Alexander O'Neal is the debut solo studio album by American recording artist Alexander O'Neal. It was originally released in 1985 by Tabu and Epic. The songs were recorded during 1984 to 1985 in sessions that took place at Creation Audio in Minnesota, and Larrabee Sound in Los Angeles, California, assisted by R&B songwriting and record production team Jimmy Jam and Terry Lewis.

After release, the album was received favourably by the majority of music critics. One of O'Neal's most commercially successful solo albums, in the United States it went on to peak at number 92 on the Billboard 200 and number 21 on Top R&B/Hip-Hop Albums. The album launched four charting singles in the United Kingdom. "If You Were Here Tonight" peaked at number 13 on the UK Singles Chart; "A Broken Heart Can Mend" peaked at number 53; "What's Missing" at number 90; "You Were Meant to Be My Lady (Not My Girl)" at number 98. In the UK, the album sold more than 100,000 copies and was certified gold by the BPI.
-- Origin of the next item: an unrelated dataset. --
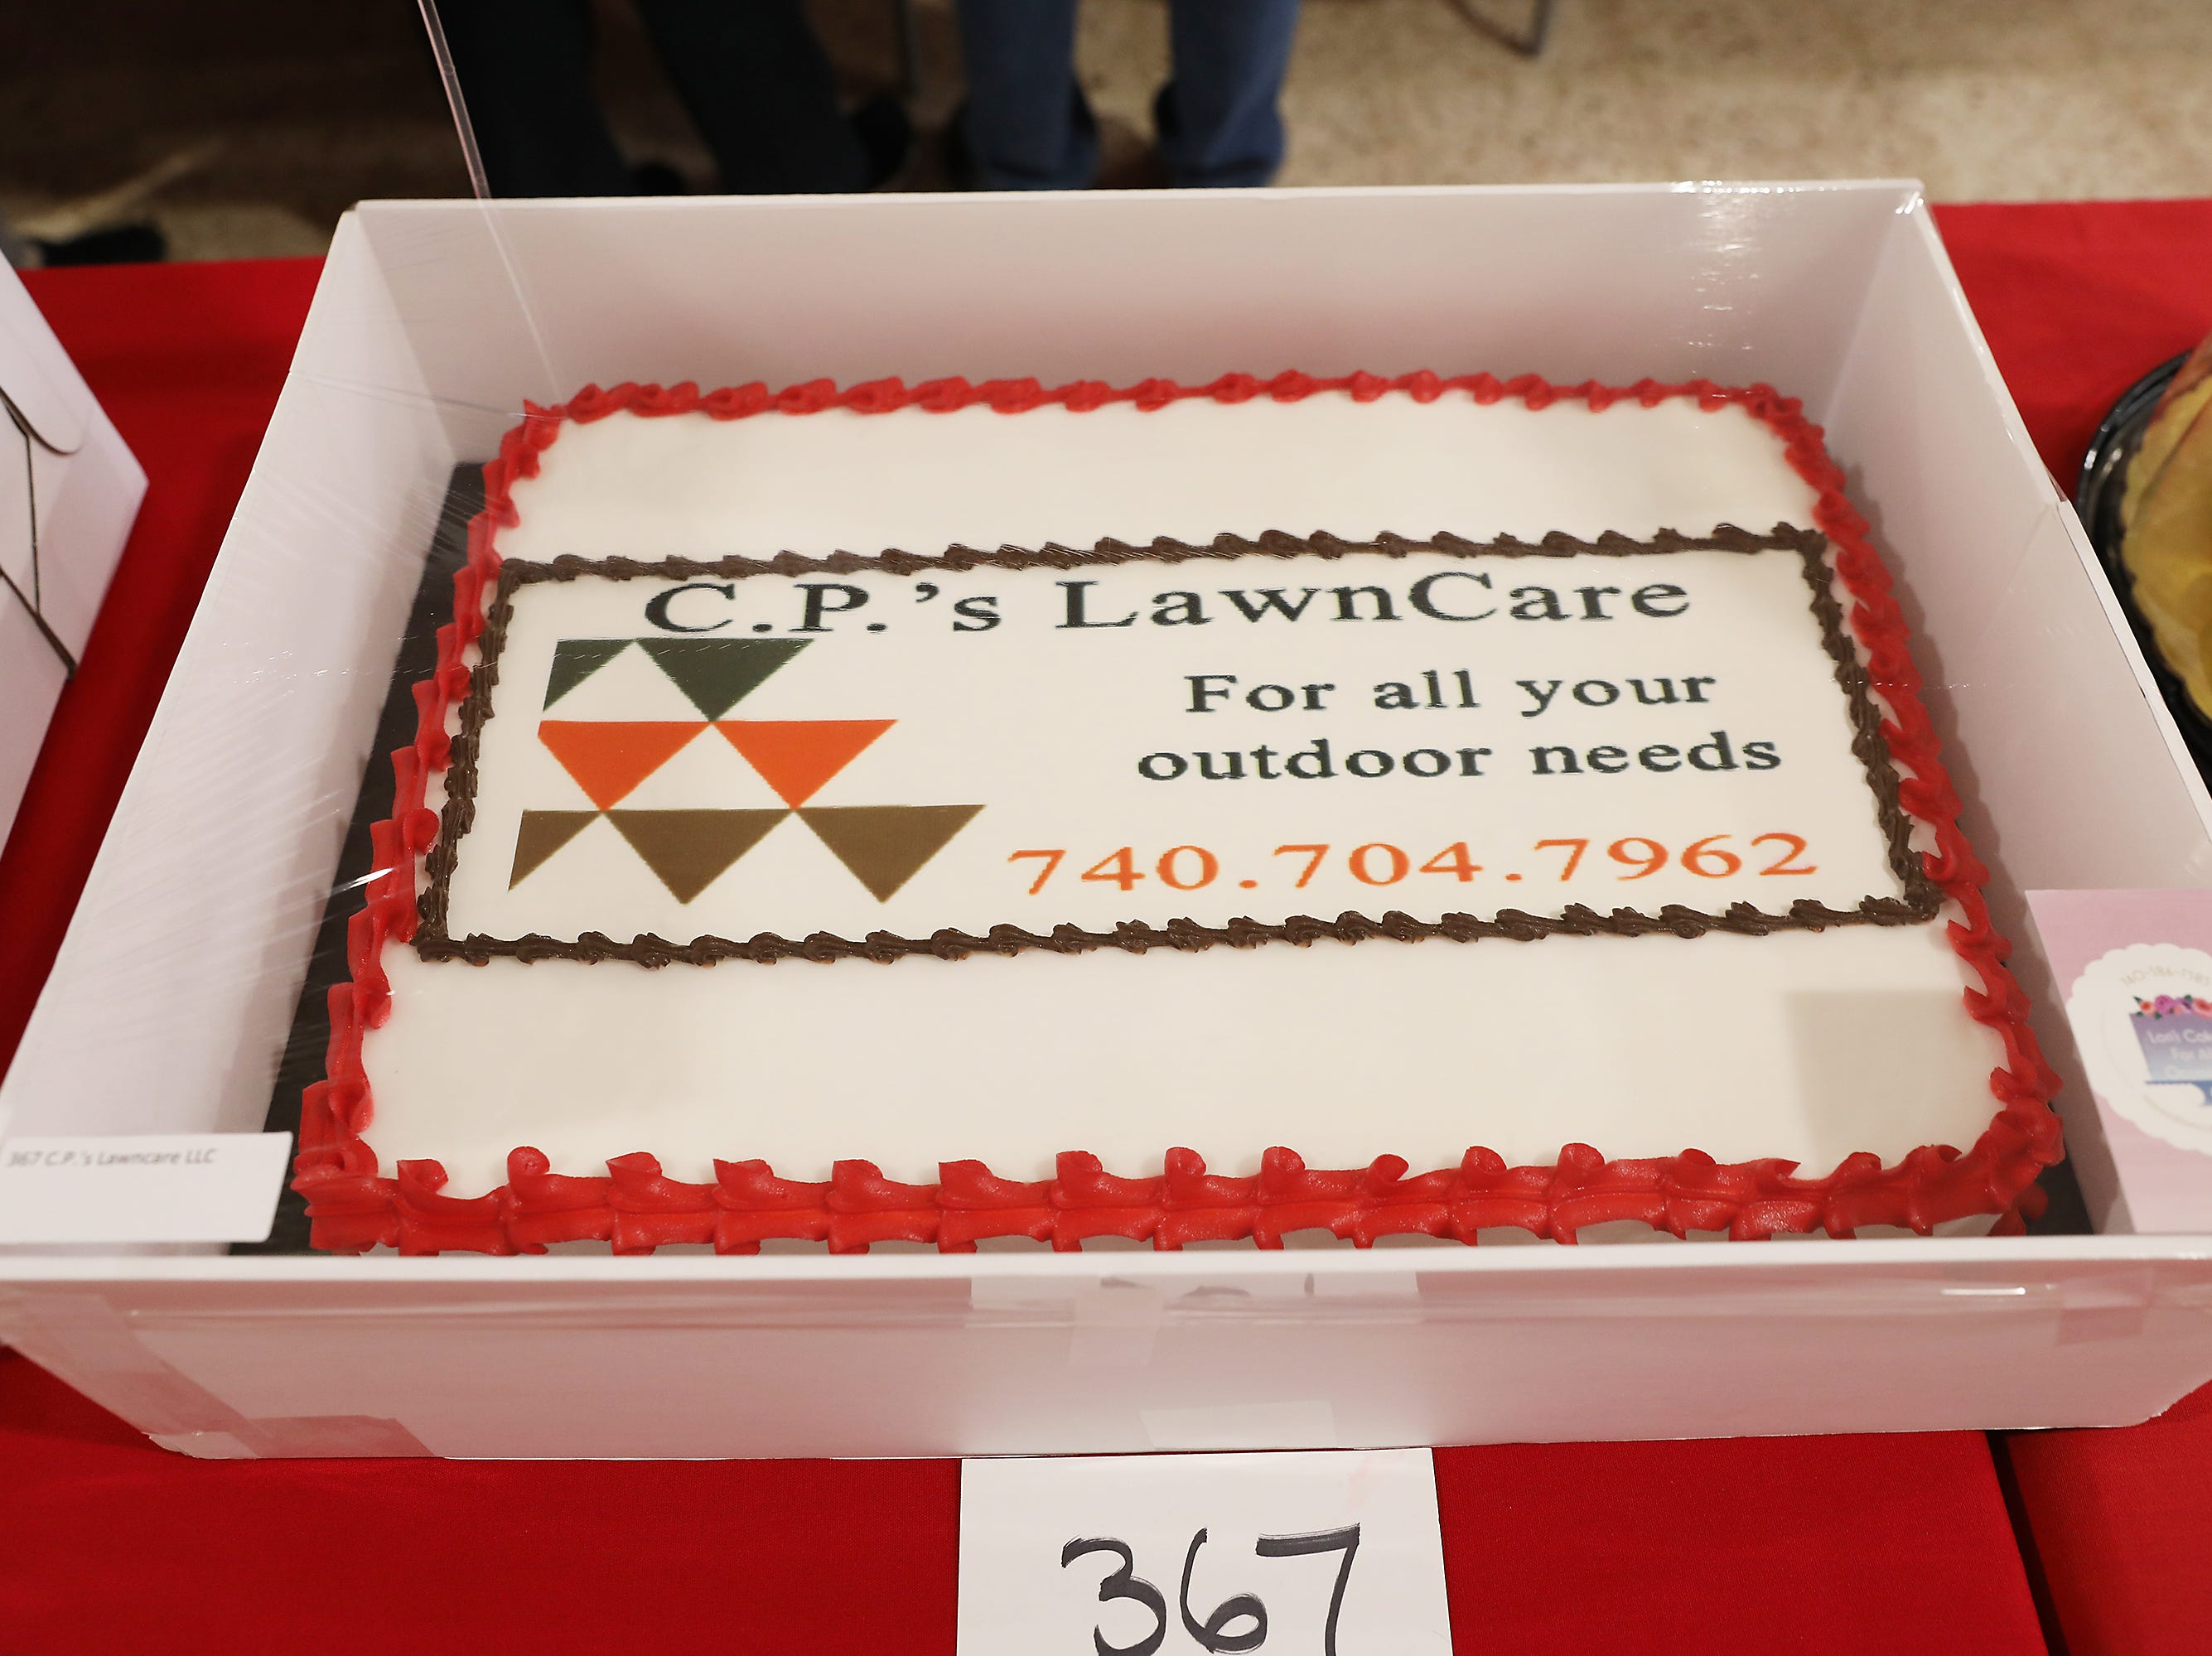 3:45 P.M. Friday cake 367 C.P.'s Lawncare LLC - 4 nights at The Place at Corkscrew, Estero, Florida; $1,400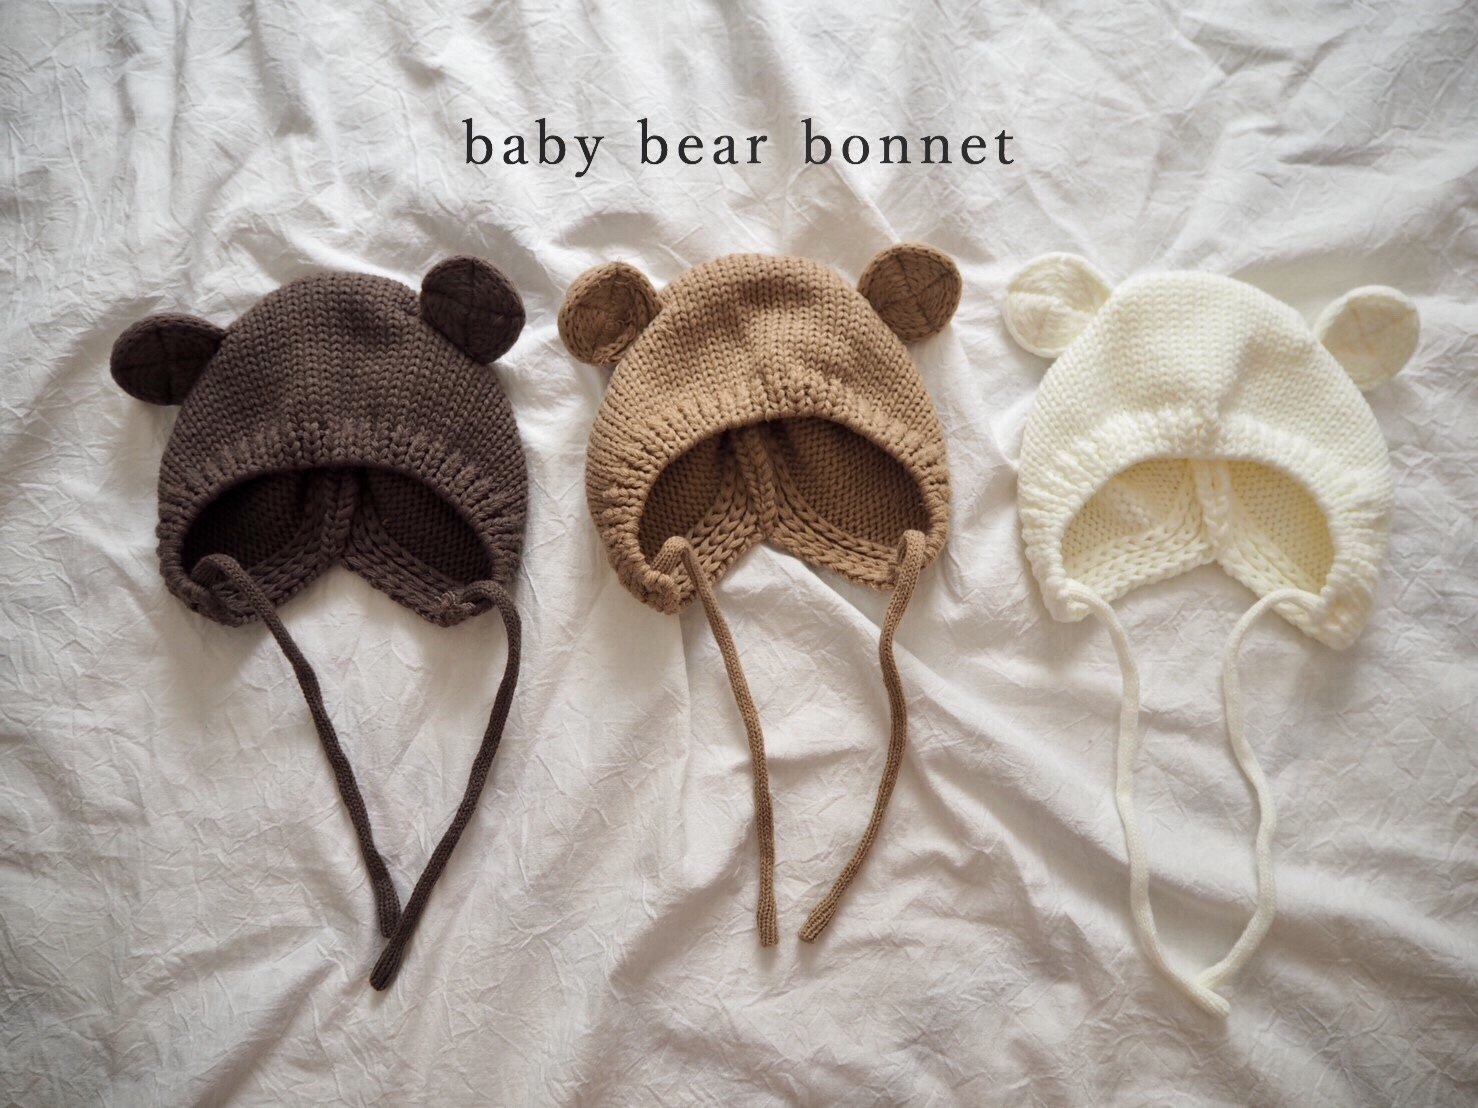 baby ベア ボンネット

The album was re-released on 8 April 2013 on Tabu's new Re-born imprint featuring rare bonus content. The reissue is a 2-CD set with the original album digitally remastered from the original 1/2" mix tapes; the bonus content consists of associated 7", and 12" mixes.

Critical reception
Alexander O'Neal was well received by most critics. In his consumer guide for The Village Voice, Robert Christgau gave the album a B and commented that "From the Timexes who gave the world the new improved S.O.S. Band, a new improved black matinee idol. They start one side with a can't-miss post-vulnerable ballad, the other with a can't-miss dance song deceptively entitled "Innocent". He then added: "The rest they leave to craft. Is this any way to serve a new improved matinee idol? Probably."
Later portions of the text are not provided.